LES PLANTES CÉLÈBRES OU LÉGENDAIRES

Voici une note intéressante extraite de l’un des ouvrages du savant voyageur de Humboldt, concernant la préparation du curare :

« Lorsque nous arrivâmes à l’Esméralda, la plupart des Indiens revenaient d’une expédition qu’ils avaient faite dans la région de l’Est, pour en rapporter la liane qui fournit le curare. L’Indien qui devait nous renseigner est connu dans la mission sous le nom de maître du poison.

« — Je sais, me dit-il, que les blancs ont le secret de fabriquer une certaine poudre noire qui a le défaut de faire du bruit, et fait fuir les animaux si on les manque. Le curare que nous préparons de père en fils est supérieur à ce que vous faites. C’est le suc d’une herbe qui tue tout bas, sans que l’on sache d’où le coup est parti. »

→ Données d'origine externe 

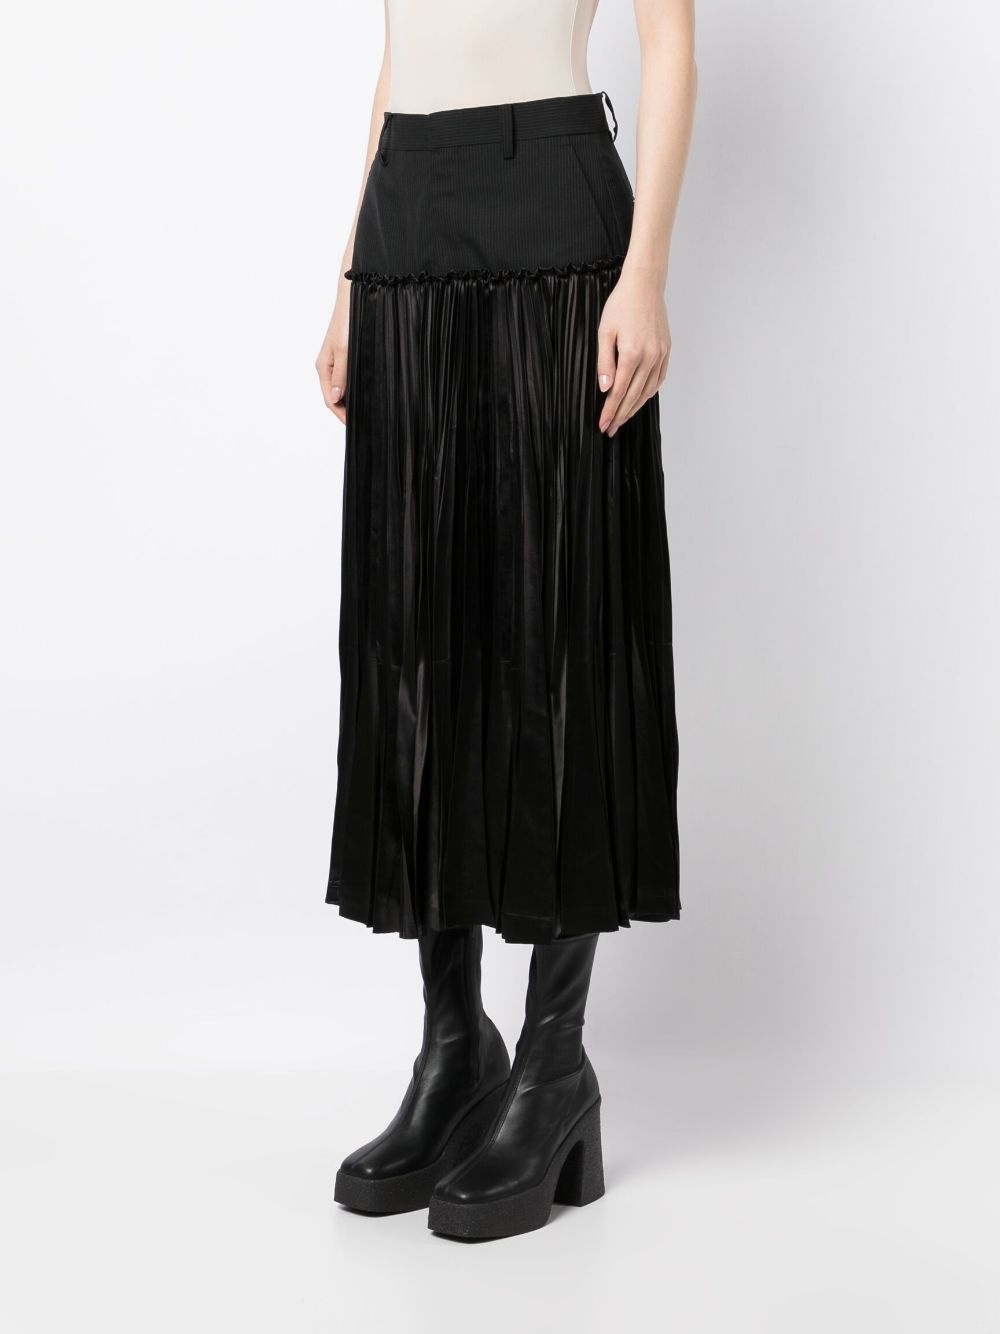 panelled pleated skirt - 3

« C’est avec le suc d’une liane appelée béjuco que l’on compose ce fameux poison que l’Indien se glorifiait de savoir fabriquer. Cette plante croit en abondance sur la rive de l’Orénoque, au delà du Rio Annaguaca. C’est dans l’écorce que se trouve le redoutable suc. Les raclures de cette écorce sont broyées sur une pierre, puis l’on en fait une infusion à froid dont le liquide jaunâtre est filtré goutte à goutte dans un entonnoir en feuille de bananier. C’est ce liquide qui est la liqueur vénéneuse ; mais celle-ci n’acquiert toute sa force que lorsqu’elle est concentrée par évaporation faite sur le feu. »

Toutefois ce suc, quelque concentré qu’il soit, n’étant pas assez épais pour s’attacher à la pointe des flèches, on y mêle le jus d’une autre plante, suc visqueux et gluant, au contact duquel l’infusion bouillante noircit et se coagule en un sirop qui durcit en se refroidissant et c’est ce sirop coagulé qu’on vend dans le commerce sous le nom de curare.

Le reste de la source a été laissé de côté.